Dataset entries:
———
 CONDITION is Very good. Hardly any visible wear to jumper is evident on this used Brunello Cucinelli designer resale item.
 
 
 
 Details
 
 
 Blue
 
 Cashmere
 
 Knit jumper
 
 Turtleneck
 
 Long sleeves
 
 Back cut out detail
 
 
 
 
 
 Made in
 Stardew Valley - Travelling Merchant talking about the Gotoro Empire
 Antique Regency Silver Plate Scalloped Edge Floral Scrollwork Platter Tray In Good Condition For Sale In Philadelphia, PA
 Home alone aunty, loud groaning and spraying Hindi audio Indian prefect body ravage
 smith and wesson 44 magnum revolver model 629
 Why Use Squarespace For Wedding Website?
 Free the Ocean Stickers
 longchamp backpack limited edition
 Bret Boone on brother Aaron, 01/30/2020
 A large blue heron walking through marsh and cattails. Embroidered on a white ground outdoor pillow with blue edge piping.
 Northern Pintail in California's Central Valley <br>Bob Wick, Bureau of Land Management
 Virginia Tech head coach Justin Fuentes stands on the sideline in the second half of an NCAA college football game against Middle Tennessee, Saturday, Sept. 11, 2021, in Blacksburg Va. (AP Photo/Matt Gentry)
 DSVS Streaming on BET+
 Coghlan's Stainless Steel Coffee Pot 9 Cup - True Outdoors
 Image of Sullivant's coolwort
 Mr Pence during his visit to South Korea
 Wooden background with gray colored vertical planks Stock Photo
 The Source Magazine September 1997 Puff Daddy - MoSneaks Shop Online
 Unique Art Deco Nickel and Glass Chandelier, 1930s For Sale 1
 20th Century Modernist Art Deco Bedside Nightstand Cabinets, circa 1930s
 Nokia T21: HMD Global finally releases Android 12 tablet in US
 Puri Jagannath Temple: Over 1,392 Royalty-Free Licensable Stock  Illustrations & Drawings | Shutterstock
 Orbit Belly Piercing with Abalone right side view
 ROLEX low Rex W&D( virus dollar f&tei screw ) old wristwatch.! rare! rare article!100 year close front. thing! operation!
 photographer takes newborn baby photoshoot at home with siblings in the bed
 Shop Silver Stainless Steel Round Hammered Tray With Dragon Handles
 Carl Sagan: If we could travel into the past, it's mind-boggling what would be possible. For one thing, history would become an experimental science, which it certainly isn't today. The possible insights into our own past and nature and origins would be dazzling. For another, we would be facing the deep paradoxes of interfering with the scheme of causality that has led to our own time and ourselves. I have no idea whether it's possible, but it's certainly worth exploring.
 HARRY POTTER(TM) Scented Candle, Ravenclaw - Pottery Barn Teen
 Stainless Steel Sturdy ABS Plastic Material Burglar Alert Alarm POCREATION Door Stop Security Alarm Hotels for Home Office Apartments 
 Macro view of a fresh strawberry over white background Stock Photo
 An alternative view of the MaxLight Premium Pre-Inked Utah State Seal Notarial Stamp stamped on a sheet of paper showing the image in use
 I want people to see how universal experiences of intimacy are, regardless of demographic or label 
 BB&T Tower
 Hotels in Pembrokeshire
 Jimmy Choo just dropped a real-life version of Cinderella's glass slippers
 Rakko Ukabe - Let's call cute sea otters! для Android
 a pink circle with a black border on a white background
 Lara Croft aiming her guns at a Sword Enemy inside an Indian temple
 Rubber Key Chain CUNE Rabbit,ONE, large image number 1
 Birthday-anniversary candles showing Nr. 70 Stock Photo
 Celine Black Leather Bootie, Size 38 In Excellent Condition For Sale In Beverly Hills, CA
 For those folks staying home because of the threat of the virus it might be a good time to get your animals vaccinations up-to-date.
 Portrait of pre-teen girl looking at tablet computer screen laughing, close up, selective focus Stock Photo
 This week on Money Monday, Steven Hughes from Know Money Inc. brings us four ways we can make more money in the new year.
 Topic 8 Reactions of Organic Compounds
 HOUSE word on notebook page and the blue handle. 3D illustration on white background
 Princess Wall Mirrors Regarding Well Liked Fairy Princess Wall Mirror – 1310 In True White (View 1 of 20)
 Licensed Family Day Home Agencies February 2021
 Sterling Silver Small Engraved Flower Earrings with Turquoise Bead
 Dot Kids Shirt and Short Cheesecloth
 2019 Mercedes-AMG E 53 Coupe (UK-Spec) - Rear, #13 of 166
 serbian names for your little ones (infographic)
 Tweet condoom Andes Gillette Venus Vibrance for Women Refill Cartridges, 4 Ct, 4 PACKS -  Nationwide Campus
———
- _Assigned task_
Using the data above, reproduce exactly the lines between those holding "Wooden background with" and "HARRY POTTER(TM) Scented", inclusive, and no others.

- _Result for this exercise_
 Wooden background with gray colored vertical planks Stock Photo
 The Source Magazine September 1997 Puff Daddy - MoSneaks Shop Online
 Unique Art Deco Nickel and Glass Chandelier, 1930s For Sale 1
 20th Century Modernist Art Deco Bedside Nightstand Cabinets, circa 1930s
 Nokia T21: HMD Global finally releases Android 12 tablet in US
 Puri Jagannath Temple: Over 1,392 Royalty-Free Licensable Stock  Illustrations & Drawings | Shutterstock
 Orbit Belly Piercing with Abalone right side view
 ROLEX low Rex W&D( virus dollar f&tei screw ) old wristwatch.! rare! rare article!100 year close front. thing! operation!
 photographer takes newborn baby photoshoot at home with siblings in the bed
 Shop Silver Stainless Steel Round Hammered Tray With Dragon Handles
 Carl Sagan: If we could travel into the past, it's mind-boggling what would be possible. For one thing, history would become an experimental science, which it certainly isn't today. The possible insights into our own past and nature and origins would be dazzling. For another, we would be facing the deep paradoxes of interfering with the scheme of causality that has led to our own time and ourselves. I have no idea whether it's possible, but it's certainly worth exploring.
 HARRY POTTER(TM) Scented Candle, Ravenclaw - Pottery Barn Teen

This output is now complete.